Кэти снова переоделась. Она стояла, поглаживая шелк и любуясь собой.
— Закрой, пожалуйста, на минутку глаза, — сказал Тони и надел ей на шею ожерелье. — Подходит? — спросил он с беспокойством. — Я условился, что если тебе не понравится, можно будет обменять на что-нибудь другое.
— Даже если бы оно было безобразно, я бы ни за что его не поменяла, потому что его выбрал ты, — сказала Кэти, украдкой целуя Тони, когда мастерица повернулась к ним спиной, — но оно чудесное и, по-моему, очень подходит к платью.
— Это, пожалуй, нельзя назвать свадебным подарком, — сказал Тони. — Да я и терпеть не могу свадеб, а ты? Я имею в виду официальные. Пусть это будет моим подарком в ознаменование нашего грешного союза.
— Ты хочешь сказать — любовного союза. Я не чувствую себя грешной, я чувствую себя прекрасной и даже испытываю снисходительную жалость к остальному миру.
— Я тоже не чувствую себя грешным, — сказал Тони, — да, правду сказать, и раньше никогда не чувствовал. Со мной бывало, что я считал себя глупым, подлым или злым, что заблуждался и жалею об этом.
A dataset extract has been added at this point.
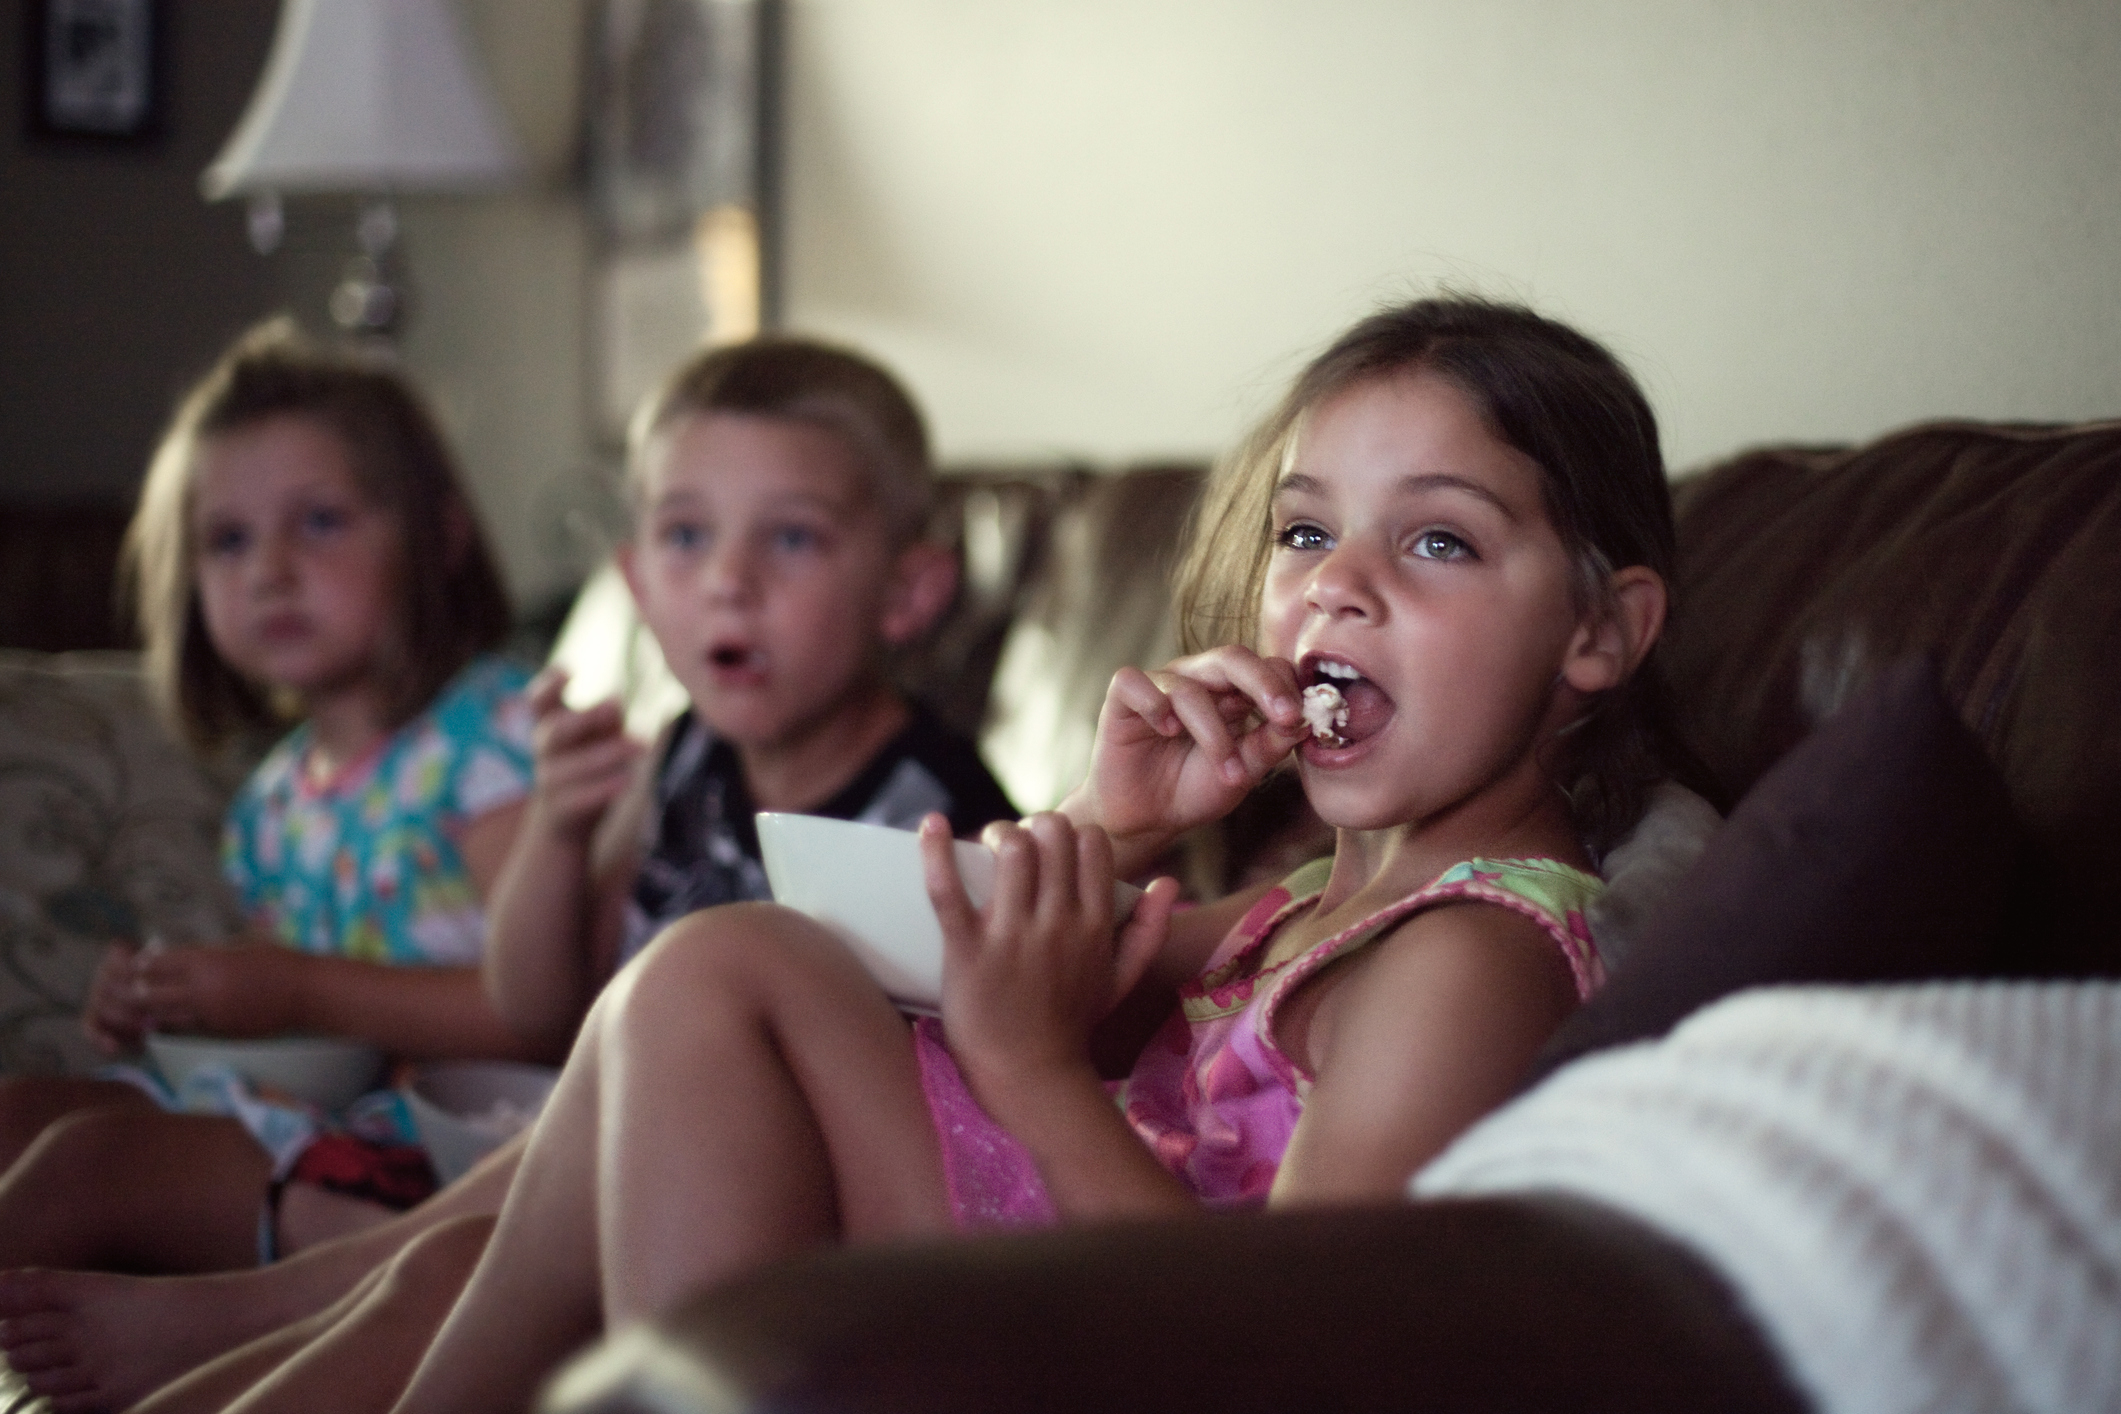 Three children watching TV, one eating, expressing focus and surprise

Но как я рад, что тебе нравится это ожерелье.
Он положил ей в руку бумажку в тысячу лир и сказал:
— Заплати, пожалуйста, сама за платье. И положи сдачу в свою сумку. У меня в бумажнике такая куча всяких вещей, что не хватает места. Кроме того, они могут пригодиться тебе на какие-нибудь мелочи, когда меня с тобой не окажется.
Из мастерской дамского платья они пошли в бельевой магазин, который им рекомендовала мастерица. Кэти протестовала и отказывалась, но Тони настоял, чтобы она выбрала и купила себе то, что ей нравится, не обращая внимания на цену. Тони понимал, что ведет себя расточительно, но ведь человек женится не больше пяти-шести раз в жизни, сказал он Кэти, надо же им отпраздновать лучший из браков.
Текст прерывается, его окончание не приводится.